The other involves turning the rock to a glass — in this case, meaning a material that can go back and forth between brittle and molten states — by melting and cooling it. Robert can take a core sample from the glass, reheat it to 700–800 C, use a standard weight to deform it and calculate viscosity from the resulting deformation.

Analyzing both volcanic materials from the field and compounds that she synthesizes in the lab, Robert is able to illustrate for students the effects of different mineral compositions and external influences on volcanic flows.

“It’s a great way to think about geologic processes going on in the solid Earth,” she says, “from extremely slow solid-mantle convection to molten lava breaking out during volcanic eruptions.”

What variables does Robert investigate? Changes in the rock’s chemical composition over the duration of a lava flow, the presence of crystals or gas bubbles, a volcano’s location on a tectonic plate are just a few.

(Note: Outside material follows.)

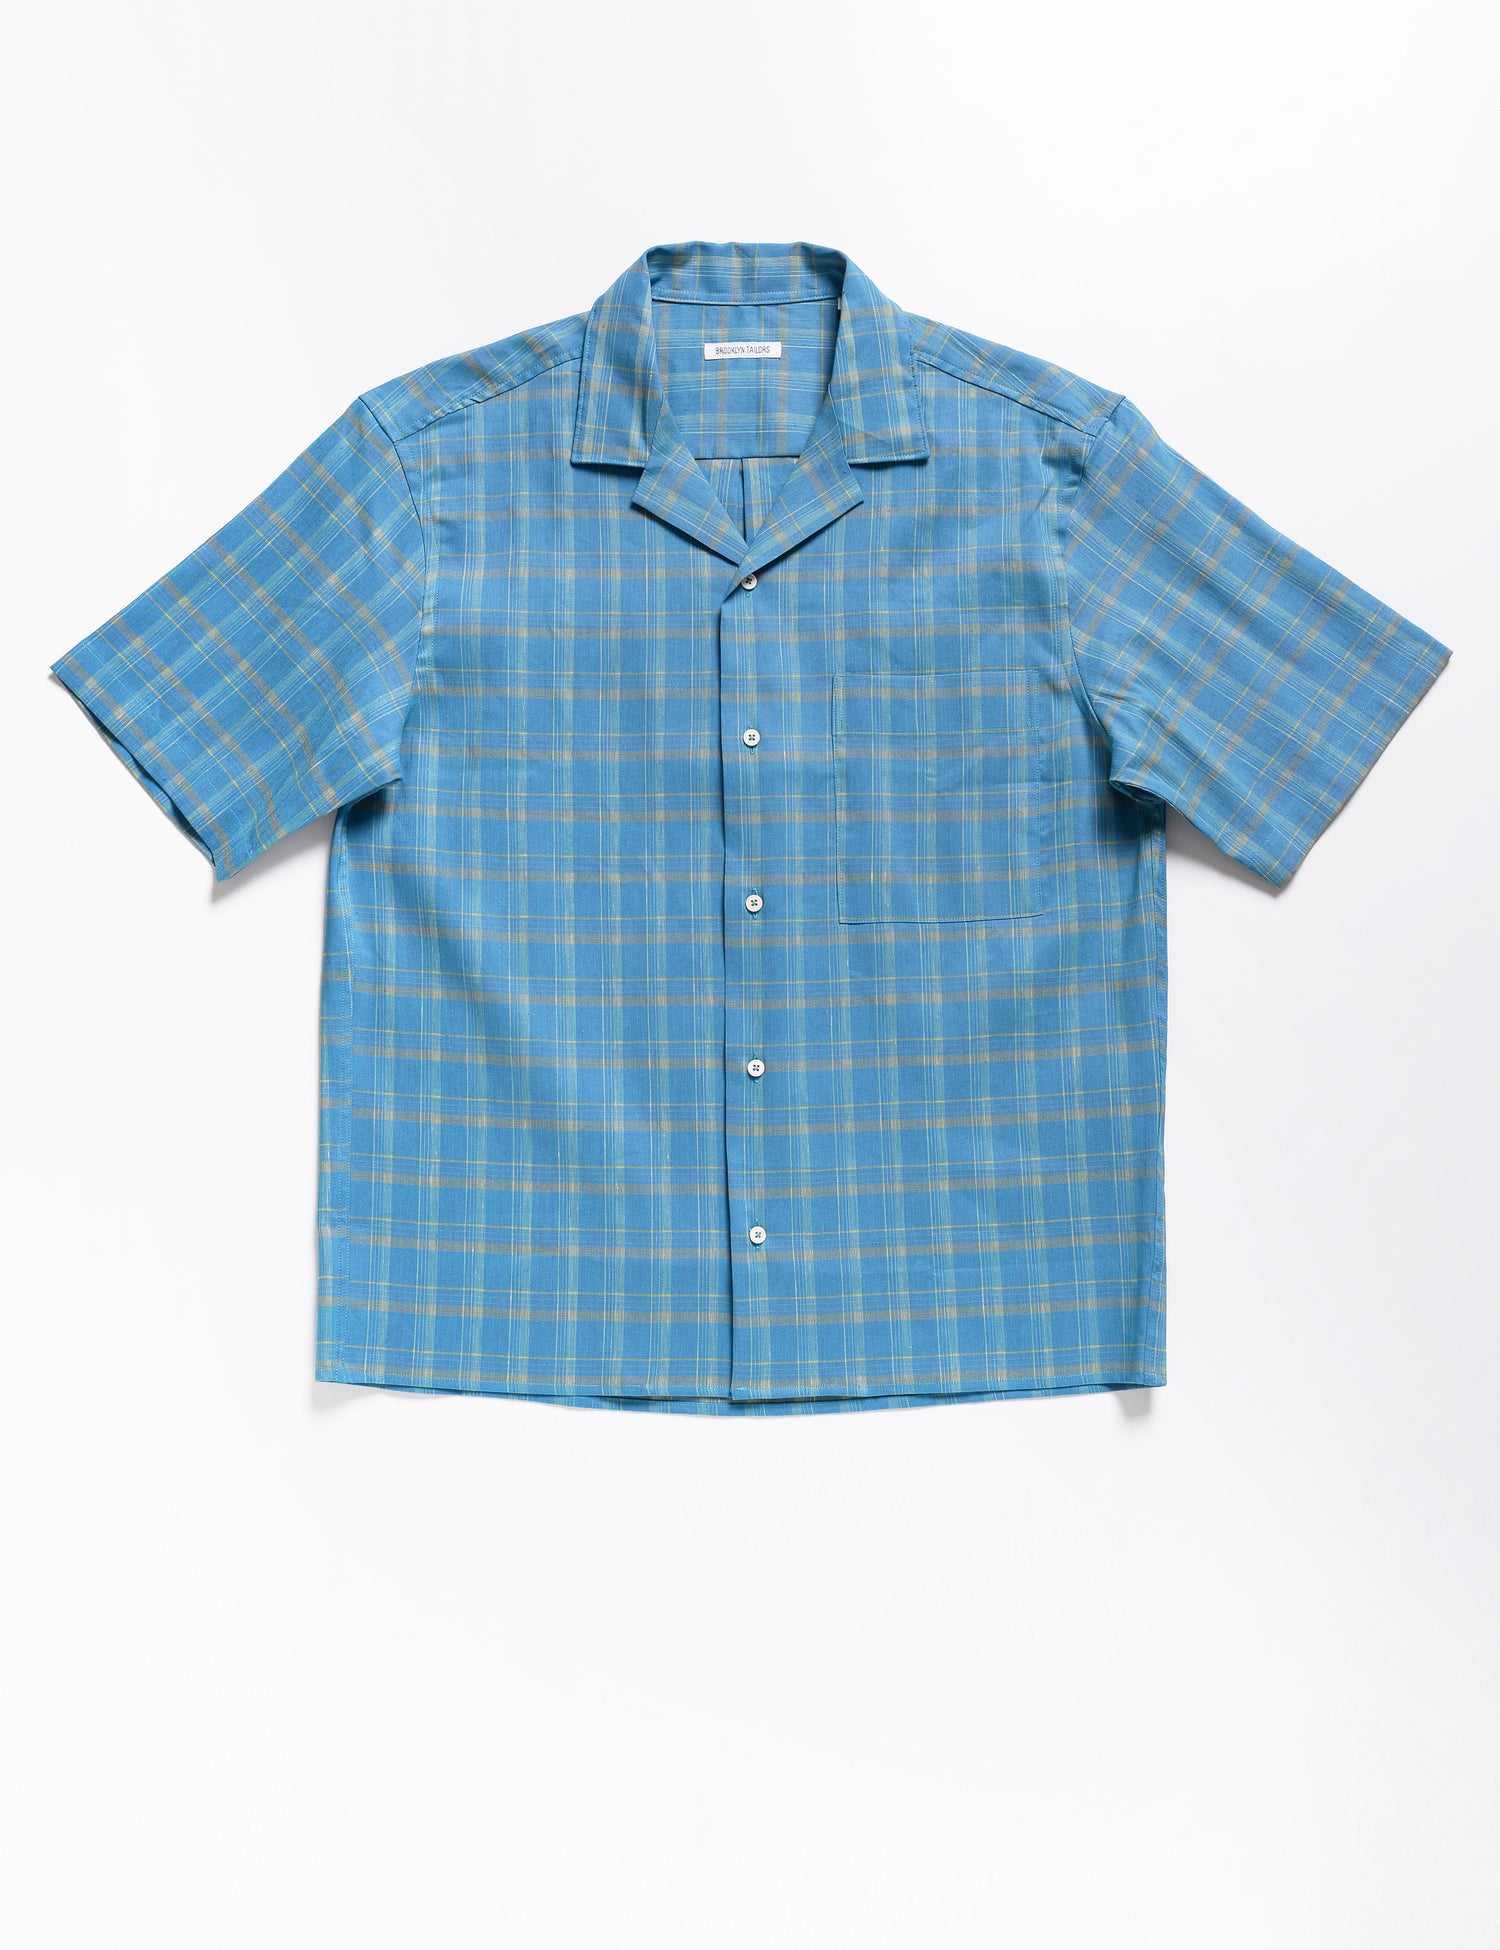 Full length flat shot of Brooklyn Tailors BKT18 Camp Shirt in Roman Check - Ionian Blue

For her dissertation, she explored how water affects viscosity. At temperatures in the thousands, you might not think there’d be enough water around to make any difference. But in fact, under the high pressures found deep underground, water dissolves happily into magma just as, in our part of the world, salt dissolves into water.

When rising magma encounters reduced pressure, though, the dissolved water turns to steam and seeks to leave the magma, often violently. (The mechanism is slightly different, but the result resembles opening a bottle of soda that has been shaken.) It’s this expansive force that drives volcanic eruptions.

Even for students who don’t plan to work with geology after college, Robert says, experience with the field is valuable. “Geology has something for everyone. You can come at it from chemistry, math, modeling, physics and more.”

And, given its centrality to everyday life and current affairs — from the debate over fracking to the geopolitics of the rare earths that make your cellphone work — geological literacy has to be a good thing.

A native of Granby, Québec, Robert earned a bachelor of science degree at McGill University, a master’s at the University of British Columbia and a doctorate at the University of Missouri at Columbia.

Geology first rocked her world during high school, when she read about the scientific study of the record of the Earth’s magnetic field (a discipline called paleomagnetism).

Again, lava is involved: When lava containing a magnetic mineral called (appropriately enough) magnetite cools to a certain temperature, the magnetite particles can align with the Earth’s magnetic field, creating a durable record. That magnetic record, Robert explains, is part of the evidence enabling geologists to model the mind-boggling history of the Earth’s tectonic plates.

“I just said, ‘Oh, my goodness, it’s really cool that we can figure this out’ — that puzzle-solving of how things got to be what they are.”